モササウルス科
もささうるすか
モササウルス科とは中生代白亜紀後期に繁栄した有鱗目トカゲ亜目モササウルス上科に属する、海生トカゲからなるグループである。まれに海トカゲ類と呼ばれることもあり、彼らは魚竜や首長竜、翼竜と同様に恐竜とは関係ないグループである。トカゲやヘビの仲間で有鱗目に属するグループである。子供は体の中で孵化させ、成長した形態で水中に出産する「卵胎生」だったと判明している。肉食性で、その生態は現在で言えばシャチや大型のサメに近いものが多かったが、一部の種は貝や甲殻類を主な餌にするなど、非常に多様性に富むグループであった。

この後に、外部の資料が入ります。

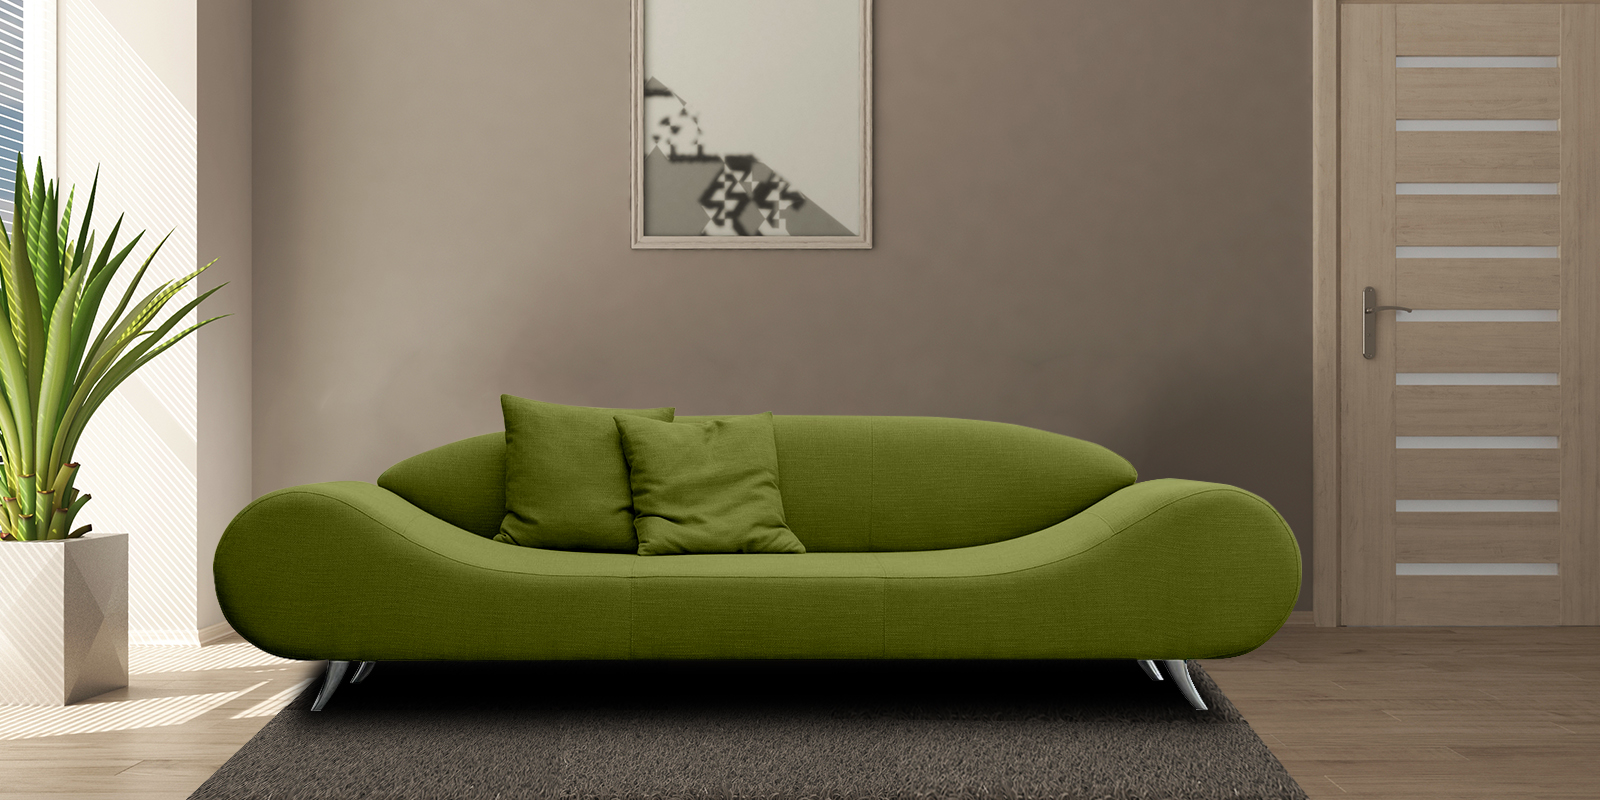 Astonishing Fabric 3 Seater Sofa In

系統的には現生のオオトカゲやヘビにかなり近いグループである。元々の祖先は海辺に住む半水生のトカゲのような姿だったとされる(アイギアロサウルスなどが祖先もしくはその近縁とされる)。白亜紀後期序盤に海底火山の大規模噴火を引き金とする地球規模の海洋環境悪化によって魚竜や首長竜の一部が絶滅し、海洋生態系に空白が生じるとモササウルス科の祖先はそこに進出することで急速に適応放散し大繁栄した。
約2千万年間、首長竜と共に海洋を支配したモササウルス科だが白亜紀末期に恐竜、首長竜、翼竜等と共に大量絶滅に巻き込まれて絶滅してしまった。モササウルス科などが占めていた生態系地位は再び空白になり、その後を担うべくクジラ類などが進化してくことになる。
以前はウミヘビのような尾をもった姿での復元が多かったが、近年の研究でサメのような尾鰭をもっていたことが化石の痕跡から明らかになってきており、それと共に一部のクジラや魚竜や中鰐亜目のワニに近い姿での復元が急速に増えている。また、現生の近縁のヘビやオオトカゲがそうであるように、恐らくは唇があったと思われ、化石では目立つ巨大な歯は少なくとも口を閉じた状態では見えなかった可能性が高い。